Just looking for some advice as im feeling very lost at the moment. I've been with my current partner for 9 months now, we both have children from previous relationships and he's great around my children. He's amazing with me very reliable and for the most part everything I've ever wanted in a partner, however he has some anger problems. It's clear that maybe things were over looked when he was younger and he often questions weather he has adhd or something similar. He has a skilled job but can become overwhelmed by small tasks outside of work. He's never lost his temper infront of my children or when they've been home however usually during a weekend they're with their dad we have an incident. So he's never punched me or anything but on one occasion smacked me on the leg during a disagreement and it left a hand print on my leg for the whole day, during a disagreement he's not allowed me to walk away or have space and blocks ny way, he's grabbed my throat on a few occasions out of frustration, he's pinched me, grabbed me inappropriately during a disagreement, called me a slag, on another occasion he continued to have sex with me after I'd repeatedly told him no when he was doing it every second he said are you sure you don't want it and I said I do not want it please stop but never pushed him because one I was scared and two he's much bigger, he's pinned me down before and so on. In short he can not control his frustration. After an incident when I was driving last week I've told him enough is enough we can't be together at the moment. I don't deserve this, I had a very very traumatic childhood I don't need to feel anxious constantly when I'm still trying to recover from severe anxiety. He's been non stop pleading and begging since I broke it off, he's cried his eyes out to me and visited his gp today for help. What I'm wondering is could things improve, would I be evil to leave him when he's struggling so badly I'm full of guilt. But I'm also full of anger because I didn't deserve this. I think because it's never happened around the children I feel maybe it's not so bad. He does things for me nobody else does and I've never had anyone love or want me as much as he does. I'm just very confused and lost. Has anyone had any similar experiences or has knowledge? Thanks

OP posts:
IamSaved · 27/08/2023 04:18

@georgieeb487 My heart breaks for you. You have been through an ordeal, but you will come through the other side on this. The mental strength to report it all to the police is the hardest part and you've gotten through it. Please stay strong and look after yourself. Go to those close to you for support. You will be OK.

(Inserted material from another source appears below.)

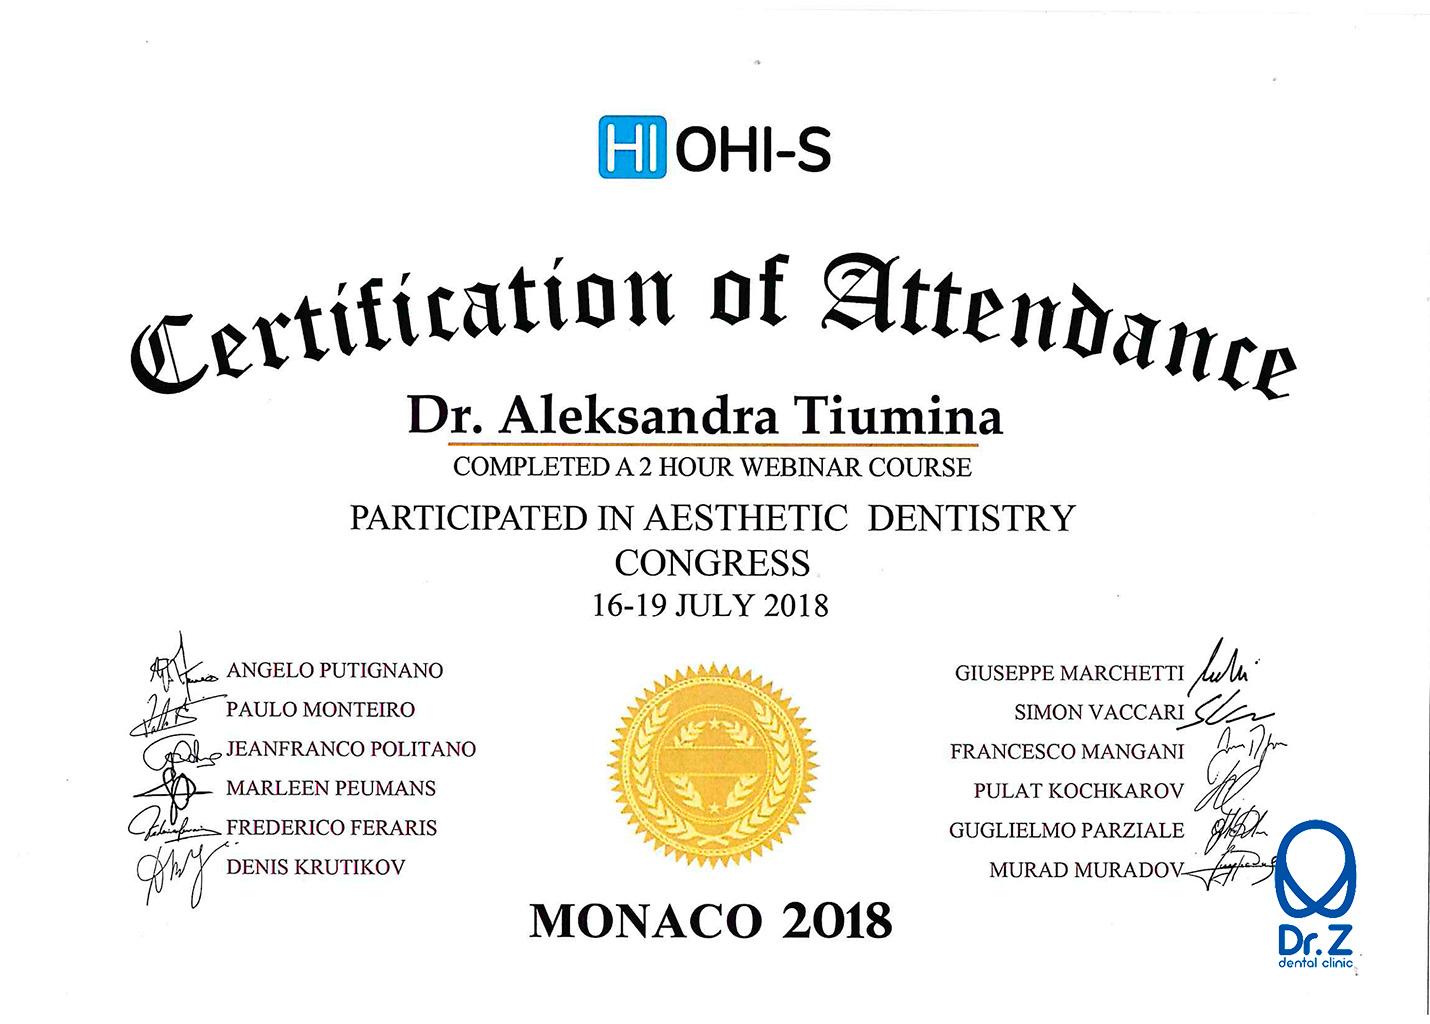 Сертификат выдан Тюминой Александре Олеговне за прохождение курса по теме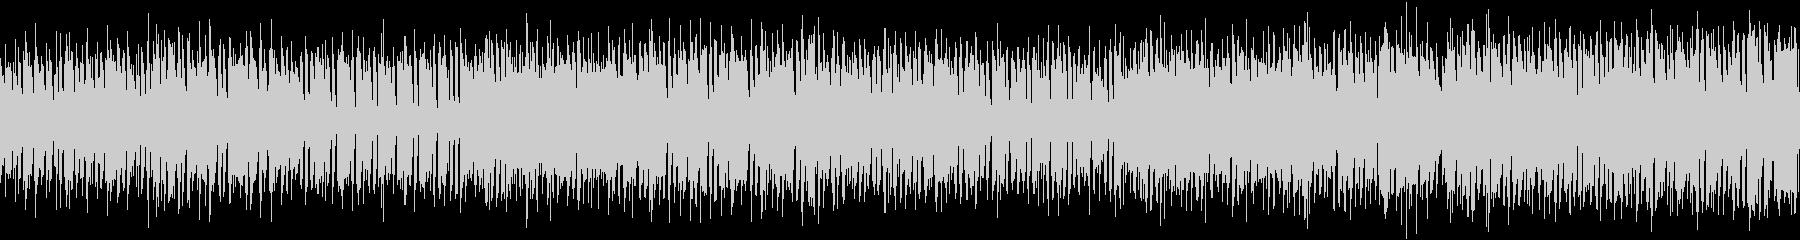 ループ可能な明るく楽しい音楽の未再生の波形

Newestname002 · 27/08/2023 06:06

@georgieeb487

I really applaud you for the strength you have shown in acknowledging you need help and asking for it, then following through with taking the actions you needed to take to get that help and away from a rapidly escalating abusive man. I'm sorry that your abuser has made life so difficult for you since breaking up with you, but well done for contacting the police when you did. You might want to make a Clare's Law report to the police, adding your own experience, so that warning is there for the next woman your Ex encounters.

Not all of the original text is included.